Questioned about training in compassion, His Holiness was clear that the use of human intelligence is crucial. He recommended that programs for training teachers be based on scientific findings, common sense and common human experience.
With regard to teaching about gender equality His Holiness explained his view of human development and the historic emergence of a need for leadership for which the criterion was physical strength. This is what led to male dominance. Availability of education has restored a sense of equality and now a time has come when the leadership of women, who are more sensitized to the sufferings of others, is what we need. He speculated that if more of the nearly 200 countries in the world were led by women, the world would be a more peaceful place.
Finally, His Holiness noted that a lot of the problems we face arise because we get too caught up in secondary differences among us. He stressed the need to focus instead on the oneness of humanity.
The morning event came to an end when Mary Kabati from Tanzania presented a gift to His Holiness on behalf of Children in Crossfire. As usual, His Holiness shook hands and interacted directly with several of the conference participants as he left the stage.

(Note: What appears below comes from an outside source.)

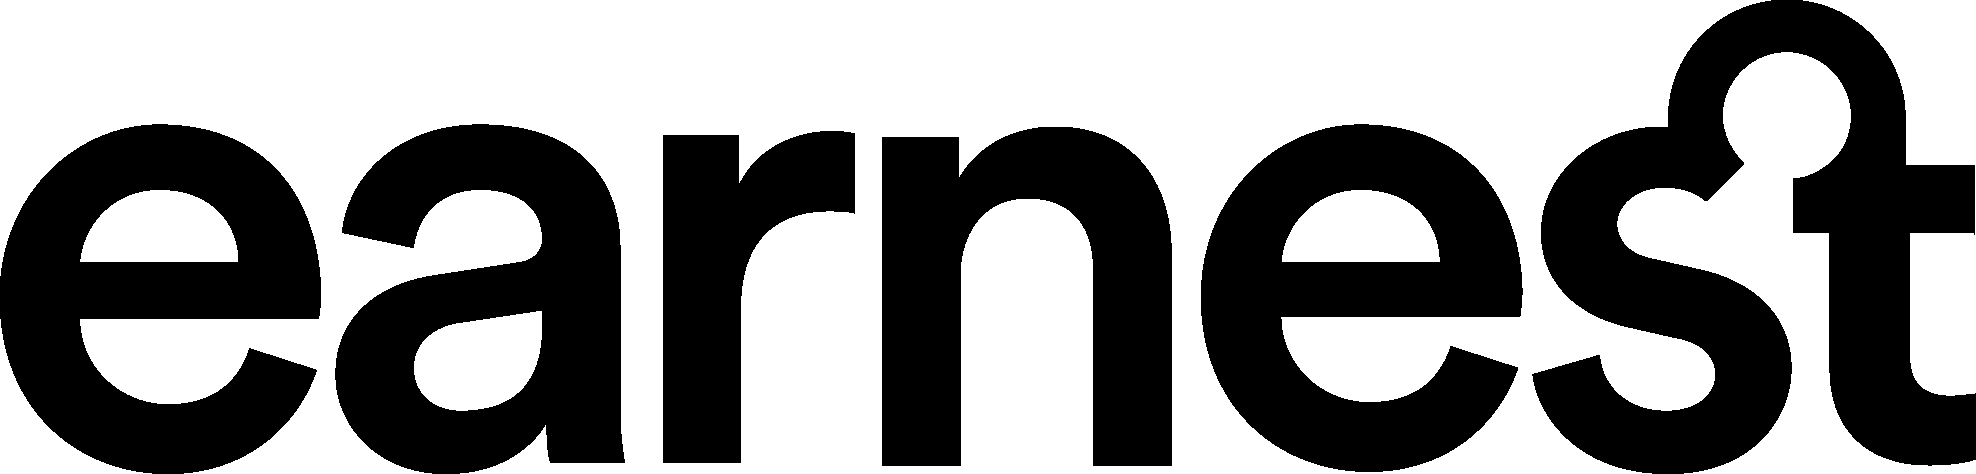 Earnest Logo png
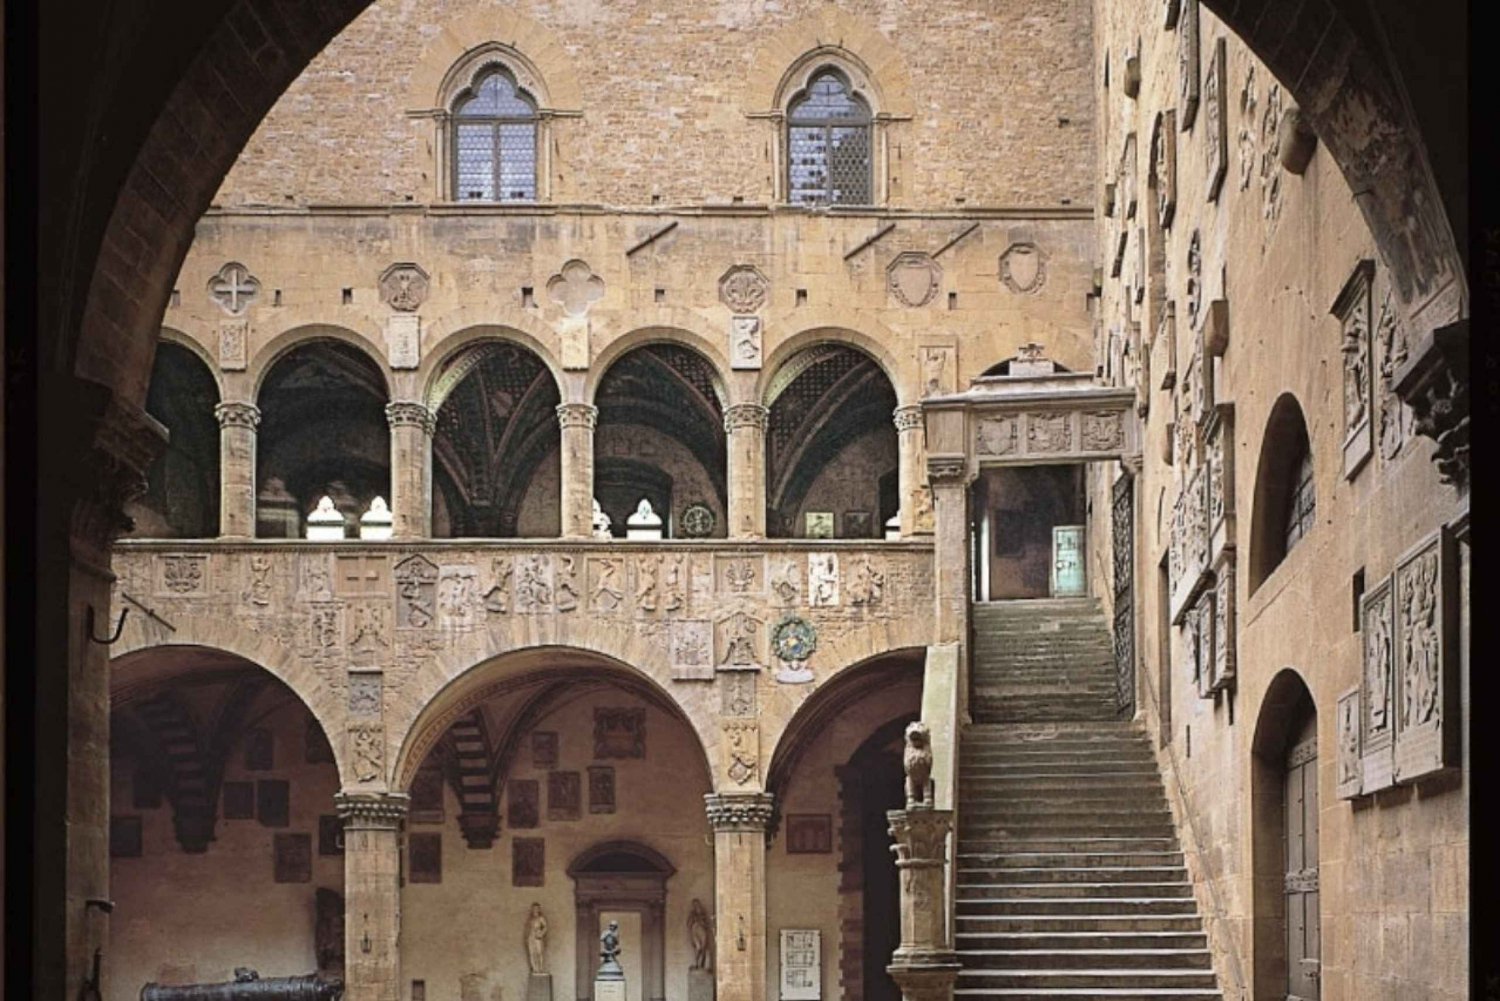 Firenze: Kombinasjonsbillett til Bargello-museet med 5 attraksjoner

Meeting with Tibetans and supporters of the cause of Tibet after lunch, His Holiness reviewed the achievements of nearly 58 years in exile. He also recalled the original establishment of the Nalanda Tradition in Tibet after King Trisong Detsen had invited the erudite Shantarakshita to the Land of Snows. He encouraged his listeners always to be proud of being Tibetan and to take whatever opportunities they have to tell other people about Tibet. He assured them that following medical treatment a year ago he is fine and in good health. He admitted that his knees give him some trouble, but mentioned learning that this is something he shares with the Fifth Dalai Lama.
When the Tibetans and their friends gathered around him for photographs to be taken he again encouraged them to study and keep their use of the Tibetan language alive.
The sun was shining as His Holiness returned to his hotel. Tomorrow he will leave Derry to fly to Frankfurt, Germany.